» TASK INSTRUCTIONS
What is needed is a word-for-word transcript of the listing, free of pictures.

** DATA PROVIDED follows **

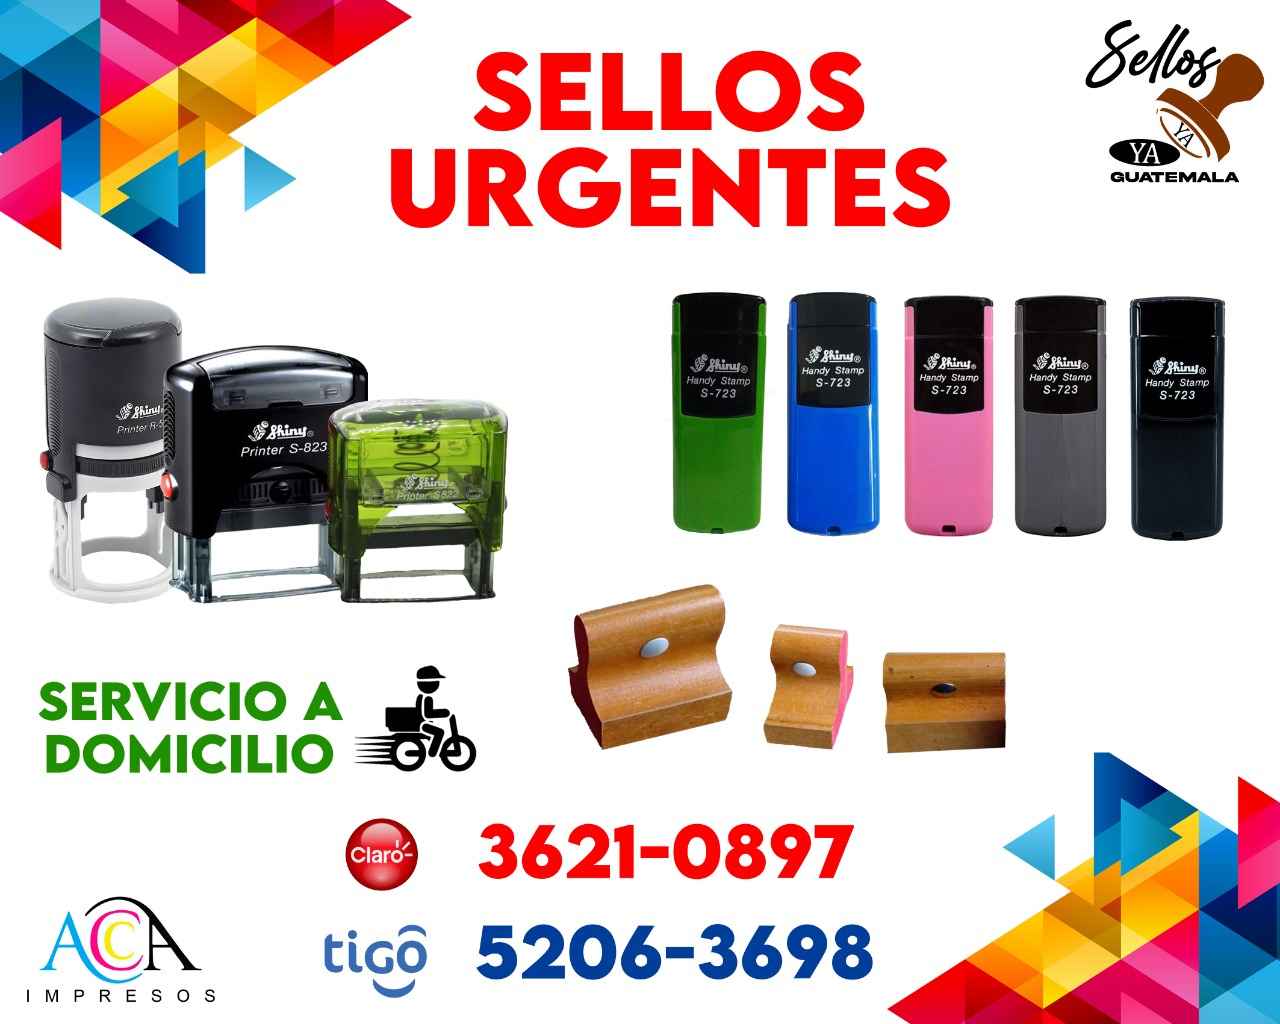 SELLOS DE HULE URGENTES
3621 0897 Y 5206 3698
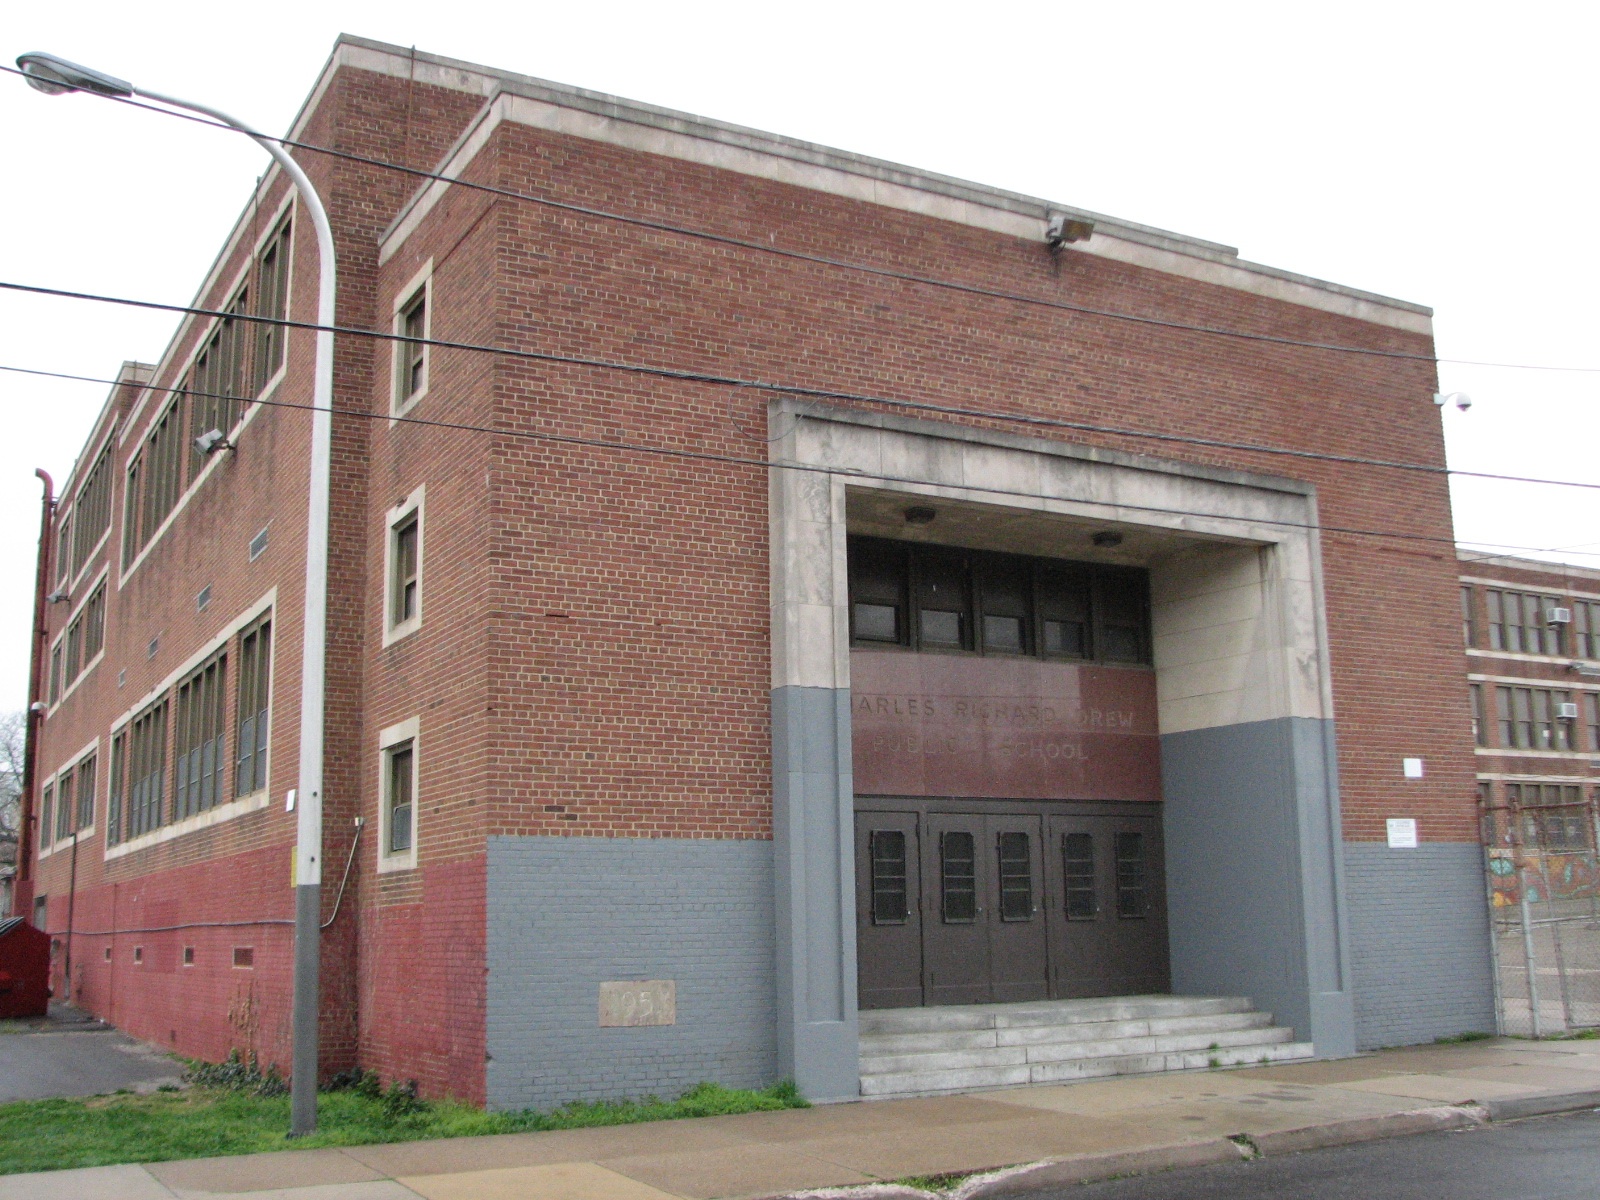 The entrance to Drew Elementary School, 3724 Warren Street.

** End of DATA PROVIDED **

» ANSWER TO THIS TASK
 SELLOS DE HULE URGENTES
3621 0897 Y 5206 3698
 The entrance to Drew Elementary School, 3724 Warren Street.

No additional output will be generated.